One such neuralgic point of omissions and approximations is the vastly different interaction speeds; furthermore, that where the speed is considered at all, the same speed is assumed for all interactions. The laws are abstract also in the sense that, say, the objects in the laws of physics have either mass or electric charge, but not both. It is the researcher’s task to decide which combination of laws can be applied to the given condition. For example, one can assume in most cases that the speeds sum up linearly, except at very high speeds. Biology provides excellent case studies where different interactions shape the phenomenon and special care must be exercised. We give a short review of history and kinds of interaction speeds.
Another point is that science started with the assumption that the non-living matter is continuous, although it was early discovered that there are smallest pieces of that matter. When we approached that size, we experienced that different subsets of science laws describe that matter and the atoms they contain; in is one of the hardest tasks to establish relations between those subsets. Again, we used abstractions that the continuous matter is infinitely large and that the isolated atoms are infinitely far from each other and from the external world. We also experienced the semi-infinite cases, and studied the behavior of surfaces and interfaces; which, again is different from both that of the atoms and their large masses. Given that biological objects are between those microscopic and macroscopic sizes, and they are surrounded by surfaces, we must be prepared that no simple rules describe their behavior.
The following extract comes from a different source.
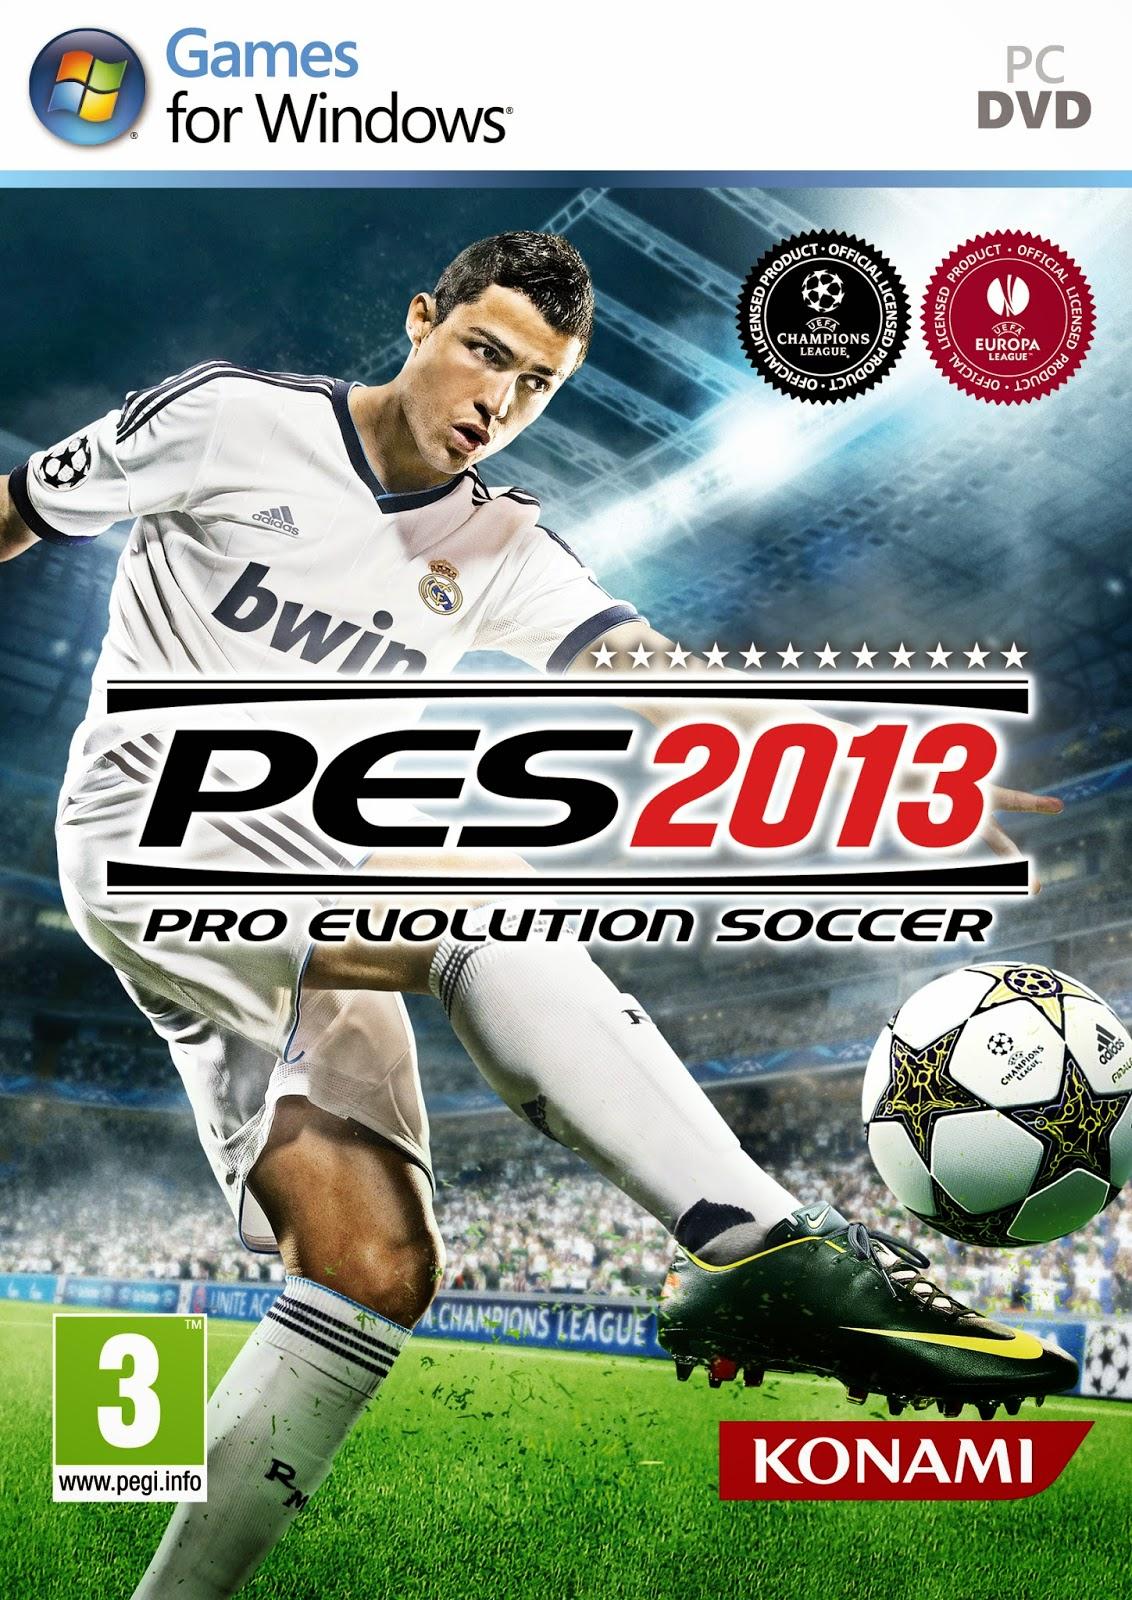 Download PES 2013 Full Version

Neuronal operation is at the boundary where sometimes, in the same phenomenon, one interaction can be interpreted at macroscopic level, some another must already be interpreted at microscopic level. Furthermore, a series of stages (instead of a single state) and processes (instead of stages) describe the subject under study. Given the vital role of charge and current in neuronal operation, we give their precise interpretation. Furthermore, we must consider that the processes happen in a finite volume, ”within the spatial boundary”. Special emphasis is given to the true interpretation of conductance, one of the central terms in biology.